A recently published study has pointed out a limitation of big-name AI models like ChatGPT, although it has caused some controversy as the main research uses now outdated versions of those models, but there are nuances to it, and this does not make the findings irrelevant.
I’ll get to that later, but first, let’s look at the study itself, which was highlighted on Reddit (“New Study Reveals Top AI Models Completely Fail Classic ‘Stroop’ Psychological Attention Test”) and published via Oxford University Press in the journal PNAS Nexus.
The research consists of testing the so-called ‘Stroop effect’ with GPT-4o and Claude 3.5 Sonnet. As noted, these are not the cutting-edge versions of those AIs (large language models or LLMs), but they were at the time the initial study was conducted.
The Stroop effect refers to the phenomenon whereby the human brain becomes confused when asked to name the color of ink used to write a word, when that word may be the written version of another color (incongruent) in some cases. So if the word “red” is written in blue ink, it will cause a slower response, or possibly an incorrect response, where the viewer accidentally says “red” instead of the actual color of the ink, which is blue.
This is because the brain is trying to juggle two different tasks (reading comprehension and color recognition) and therefore cognitive interference arises. Overriding the compulsion to read the word and say the color requires “executive control of attention,” and this is what the authors were testing in the AI models.
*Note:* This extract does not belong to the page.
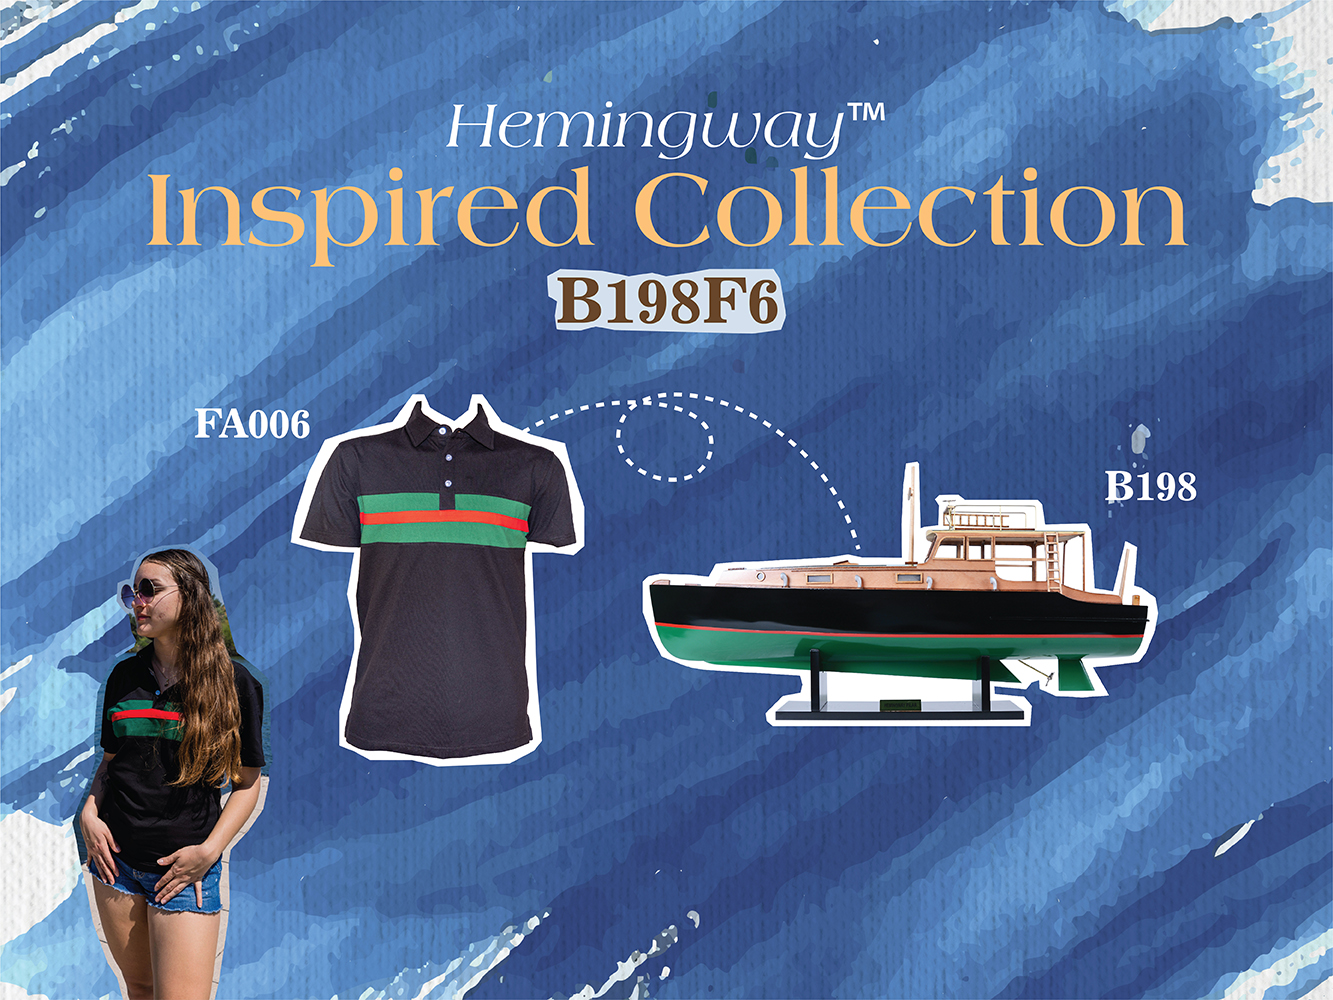 B198F6 Hemingway Pilar Fishing Boat Combo: A Model and Polo Shirt Set b198f6-hemingway-pilar-fishing-boat-combo-a-model-and-polo-shirt-set-l01.jpg

Both color naming and word reading were tested on shorter and longer word lists (5, 10, 20, and 40 words).
The study observes: “Like humans, both LLM [GPT and Claude] showed relatively high accuracy in the word reading task and performed worse in the incongruent condition [where the word doesn’t match the color] than in the congruent and neutral conditions for the color naming task.
For color naming, humans maintain about 95% accuracy even on very long trials (up to an hour), but LLM accuracy decreased very rapidly with longer word lists under the incongruent condition (non-matching color and word name). GPT-4o was 91% accurate on a five-word test, but dropped to 57% with 10 words and dropped all the way to 22% with 20 words (and was only 15% accurate with 40 words).
Claude 3.5 Sonnet performed better, maintaining 76% accuracy on 20 words, but again fell hopelessly to 24% on the longer 40-word test.
The authors conclude: “The significant degradation pattern of the two LLMs suggests fundamental limitations compared to human attention.”
Analysis: another necessary step on the path to AGI?
If you have read the Reddit thread, you will no doubt have noticed that, as mentioned at the beginning, there is a lot of criticism against this study from commenters due to the use of outdated GPT and Claude models.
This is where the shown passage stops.